● PROBLEM DETAILS: In the material below, pictures must be dropped. Repeat exactly, and only, the lines from the line with "Formal dining room, updated lighting" to the line with "bb3b5a17b69 1990 Hoops", both ends included.

● MATERIAL PROVIDED:
+++++

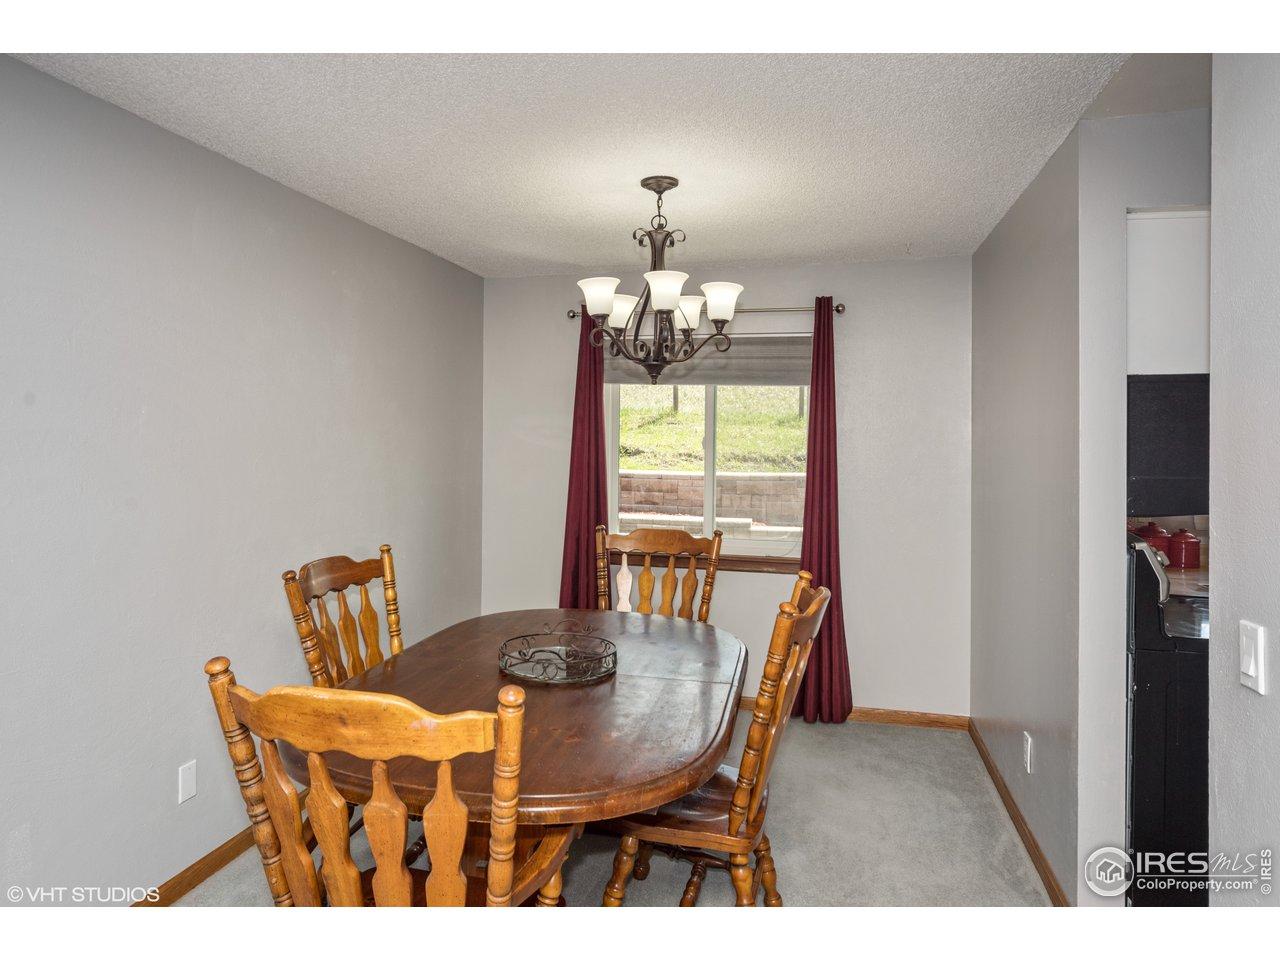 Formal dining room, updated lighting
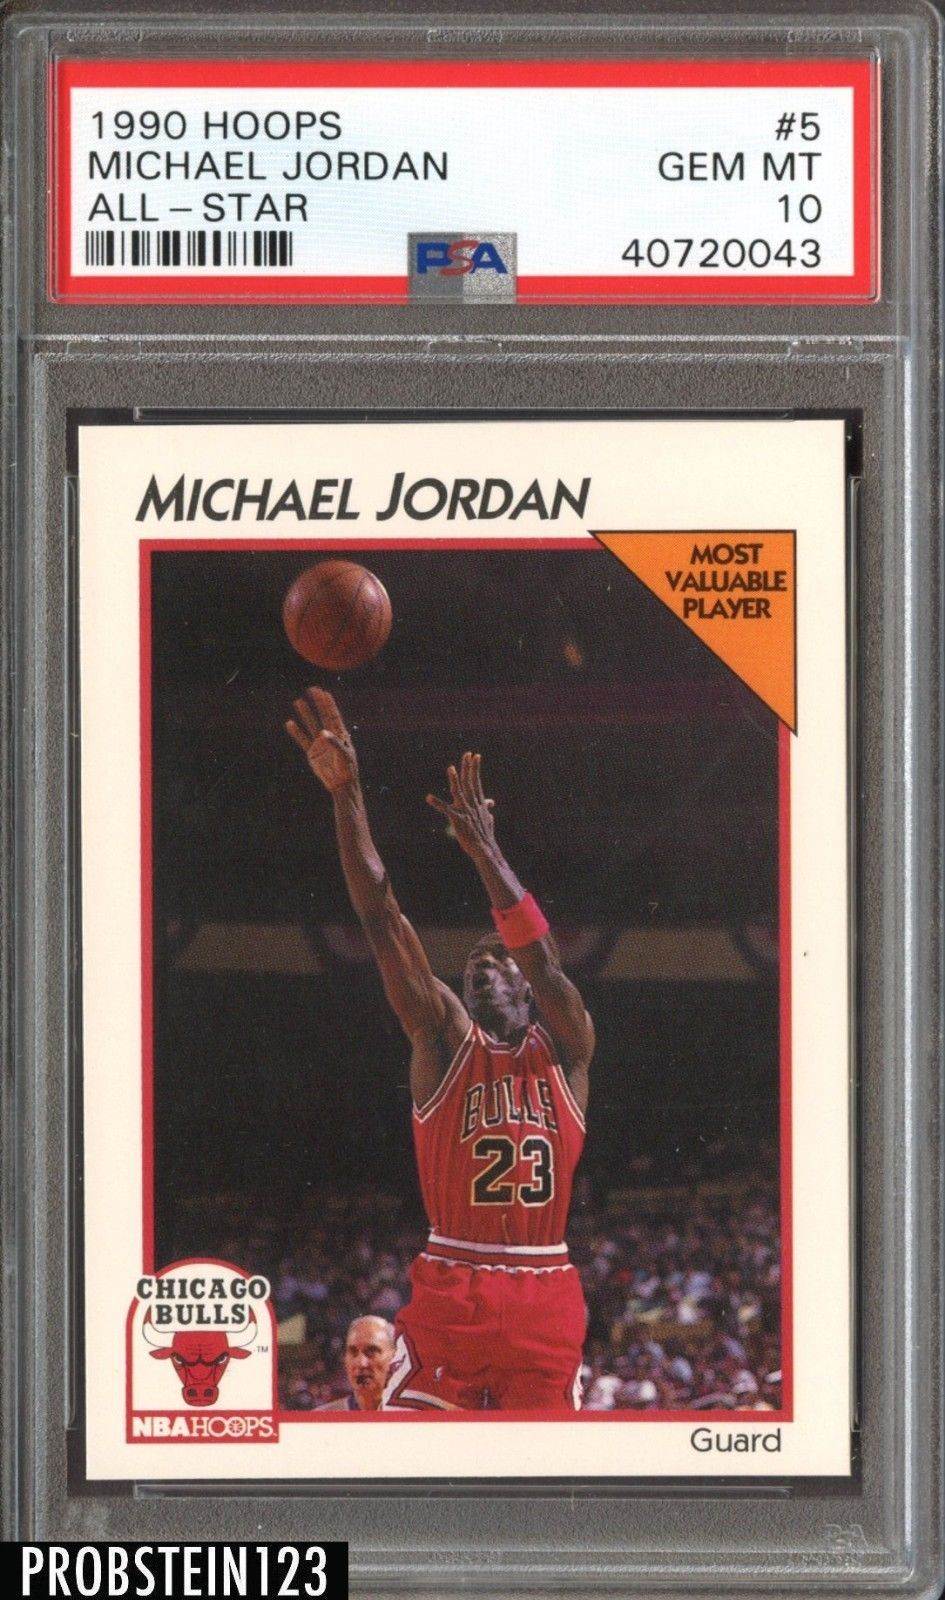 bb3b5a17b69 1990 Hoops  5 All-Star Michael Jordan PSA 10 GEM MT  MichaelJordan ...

+++++

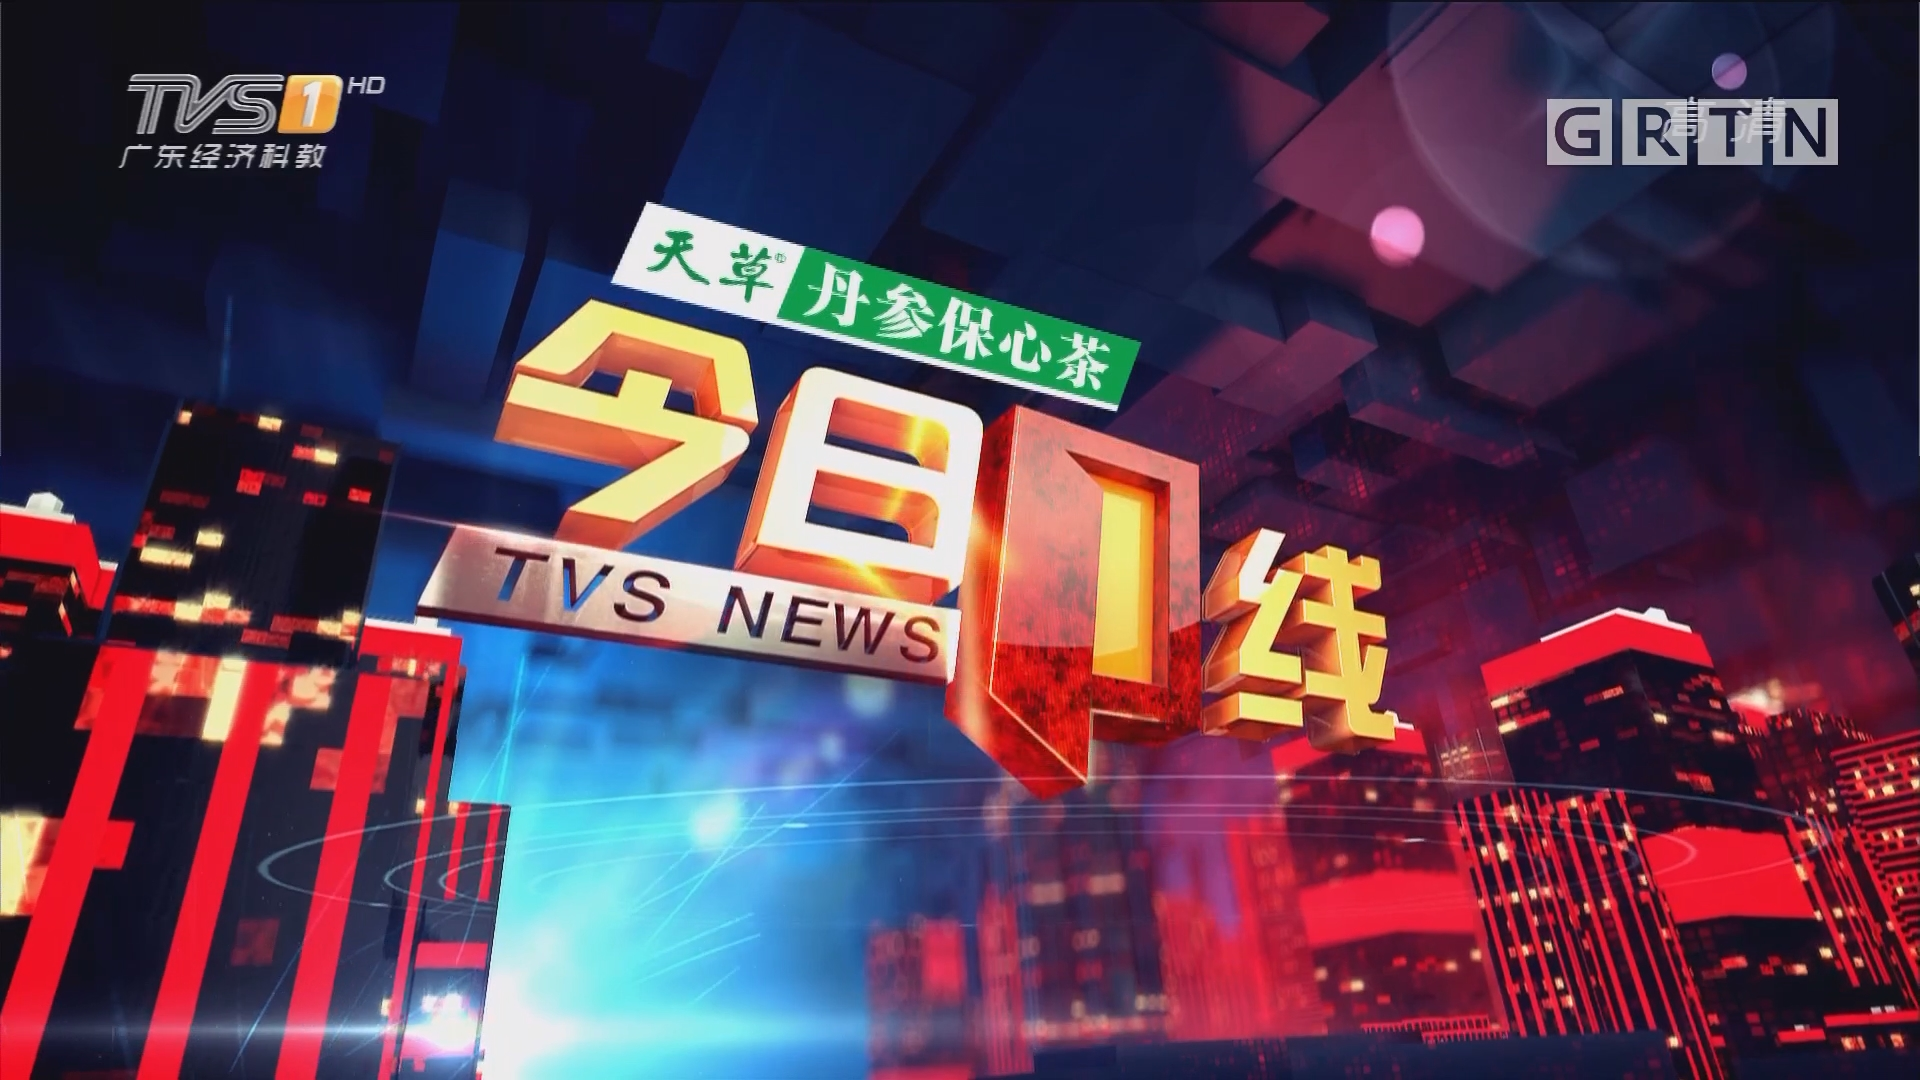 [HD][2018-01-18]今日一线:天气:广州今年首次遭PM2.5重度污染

+++++

● EXERCISE RESULT:
 Formal dining room, updated lighting
 bb3b5a17b69 1990 Hoops  5 All-Star Michael Jordan PSA 10 GEM MT  MichaelJordan ...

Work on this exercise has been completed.